Unique Molecular Identifiers are specific nucleotide sequences used in the sequencing process:
- to detect and quantify unique mRNA transcripts
- and/or to detect low-frequency variants, typically found in somatic samples.
For further information, you may refer to Illumina.
VarSome Clinical supports the data processing pipeline for assays using UMIs. There are two approaches to follow when it comes to the processing of sequencing data with UMIs.

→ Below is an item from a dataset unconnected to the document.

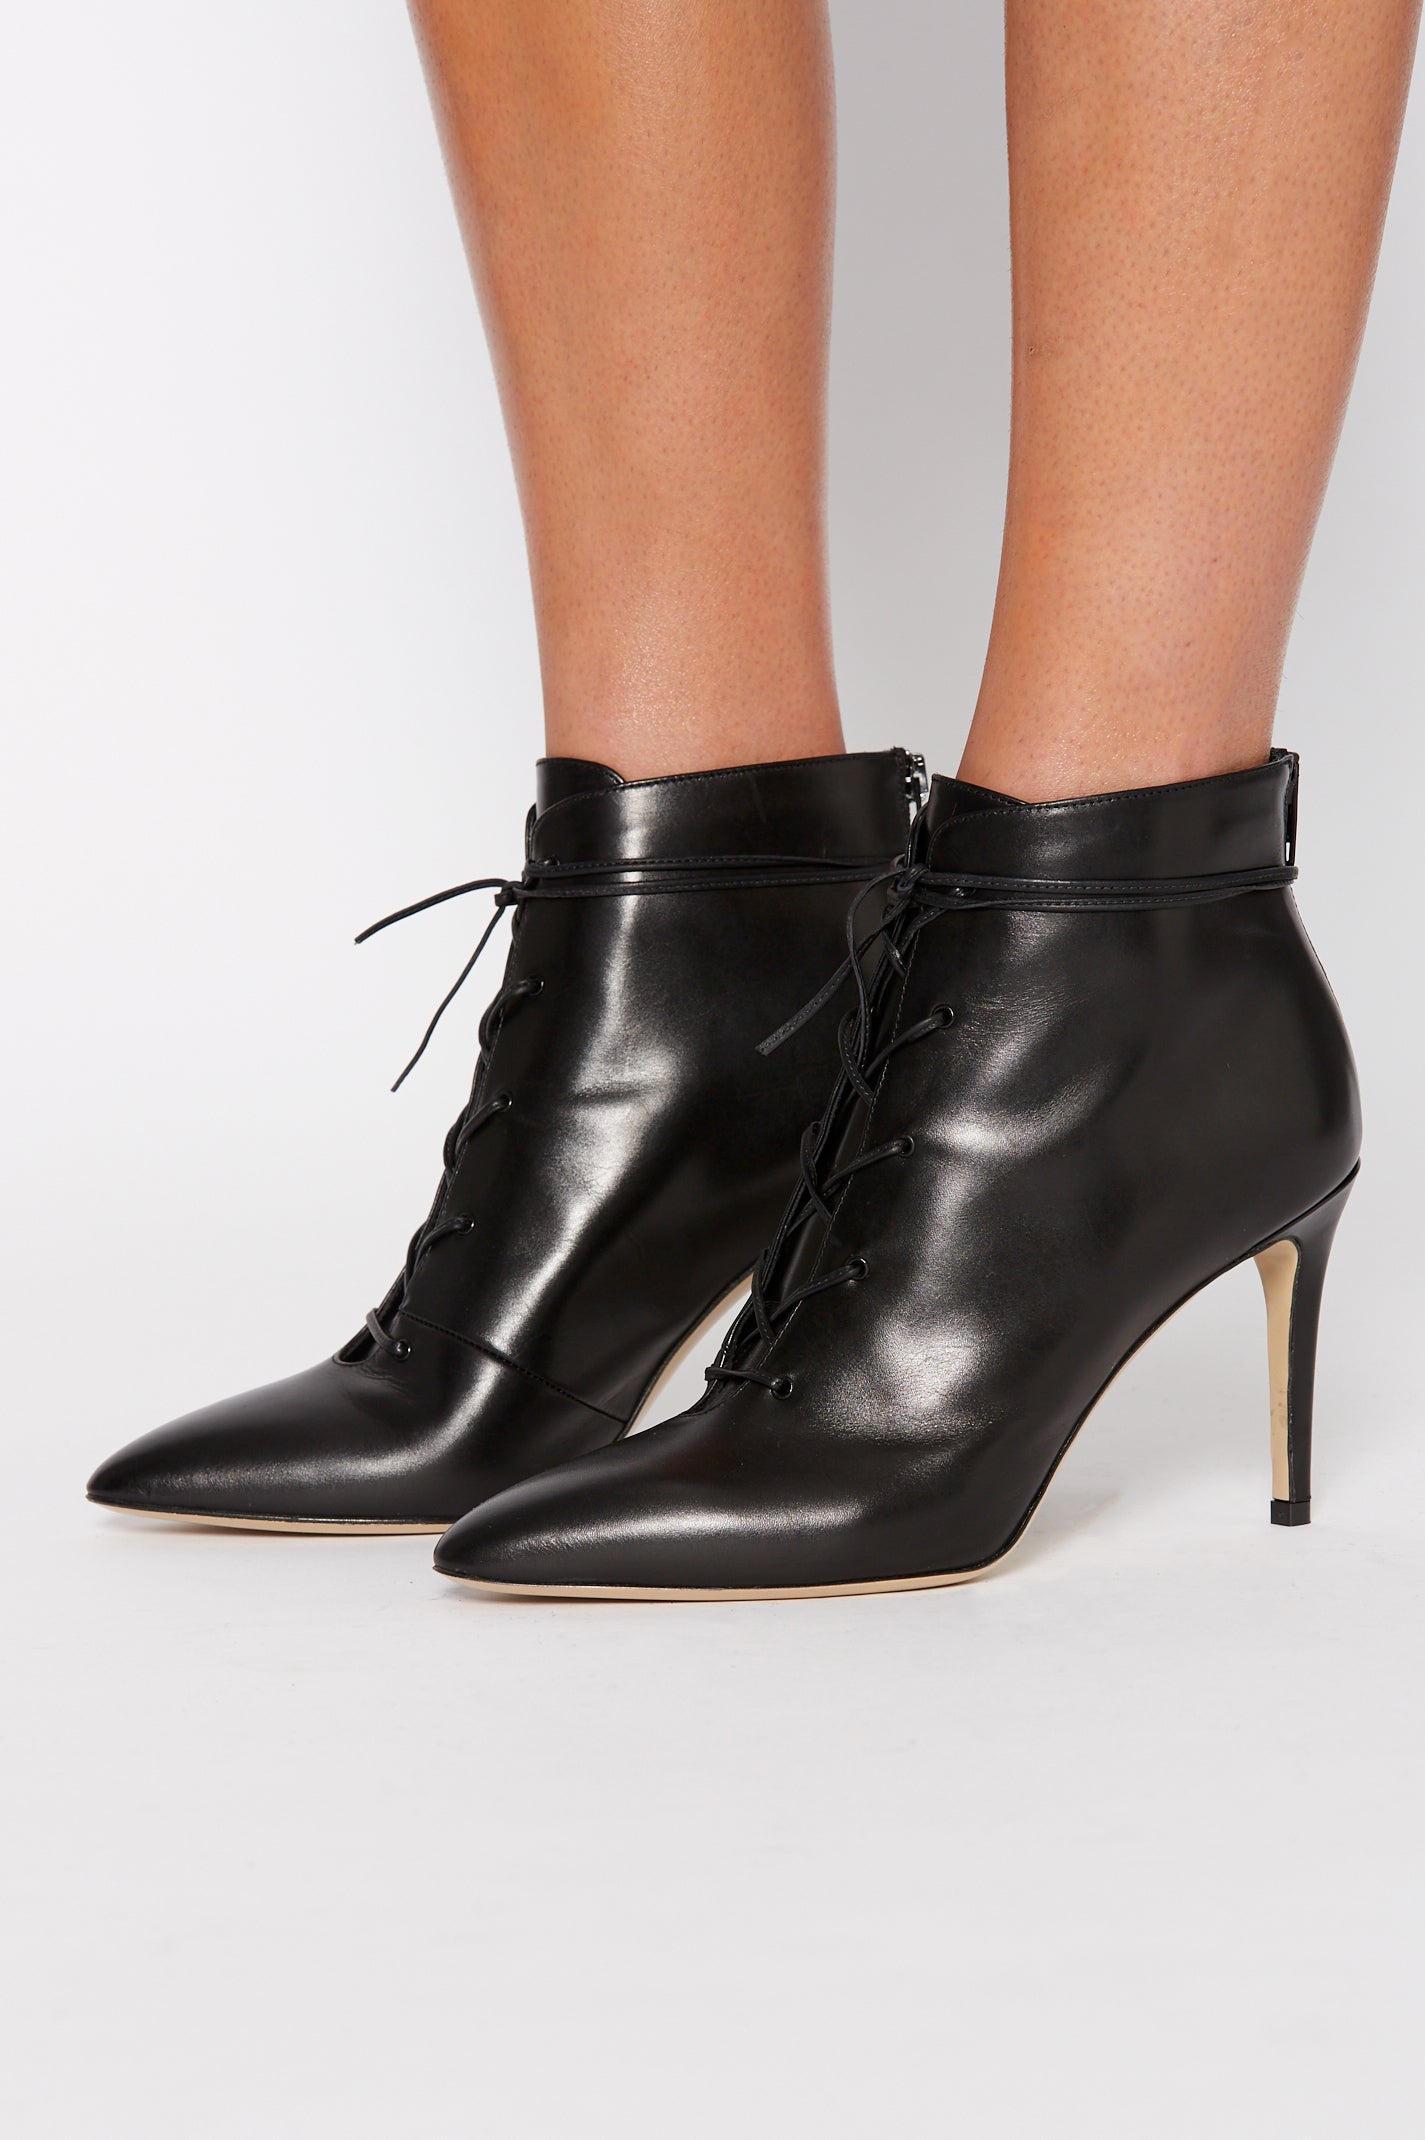 LACE-UP ANKLE BOOT 8.5 NERO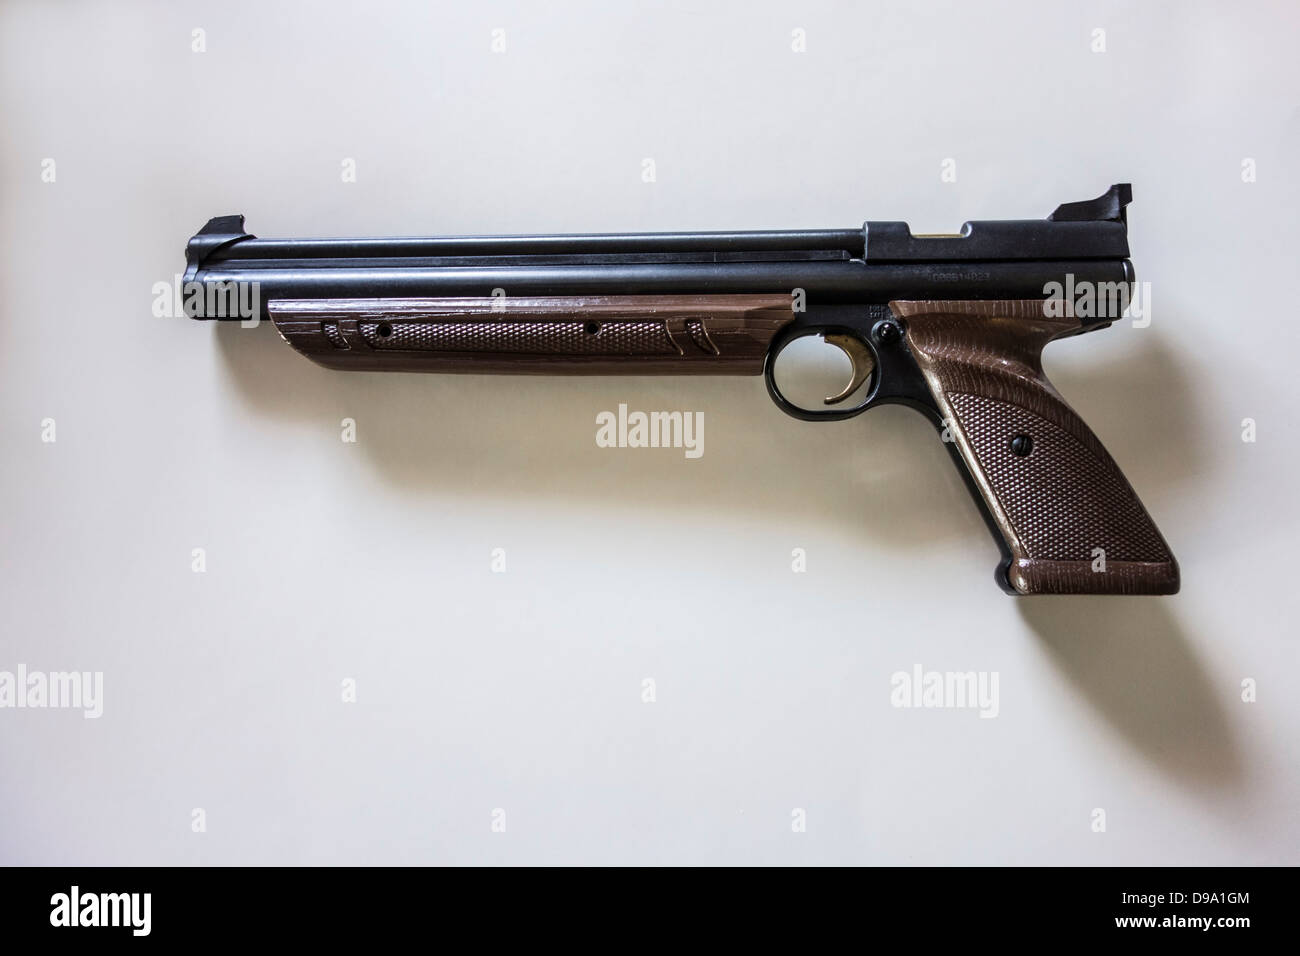 A pellet or BB pistol on a white background. USA. Stock Photo

Specific FASTQ file with UMIs
Simply upload three FASTQ input files and VarSome Clinical's pipeline will recognize the data automatically.
- files R1 and R3 with reads
- file R2 as the UMI file
UMIs derived from the R2 file
Upload two FASTQ files (R1 and R2) and VarSome Clinical will consider automatically the first N nucleotides of the R2 file to be the UMI sequences.
Pipeline setup
In both cases, the assay first needs to be correctly set up.
Apart from that, there is no need for any additional steps when uploading the data and launching the analysis.
Background
- VarSome Clinical will align the reads to get a preliminary bam file.
- Tag that bam file using the UMI data.
- Extract what should now be deduplicated reads from the bam.
- Align those reads to the genome again to get the final bam file.
- And then call variants.
VarSome Clinical implements fgbio tools for UMI processing.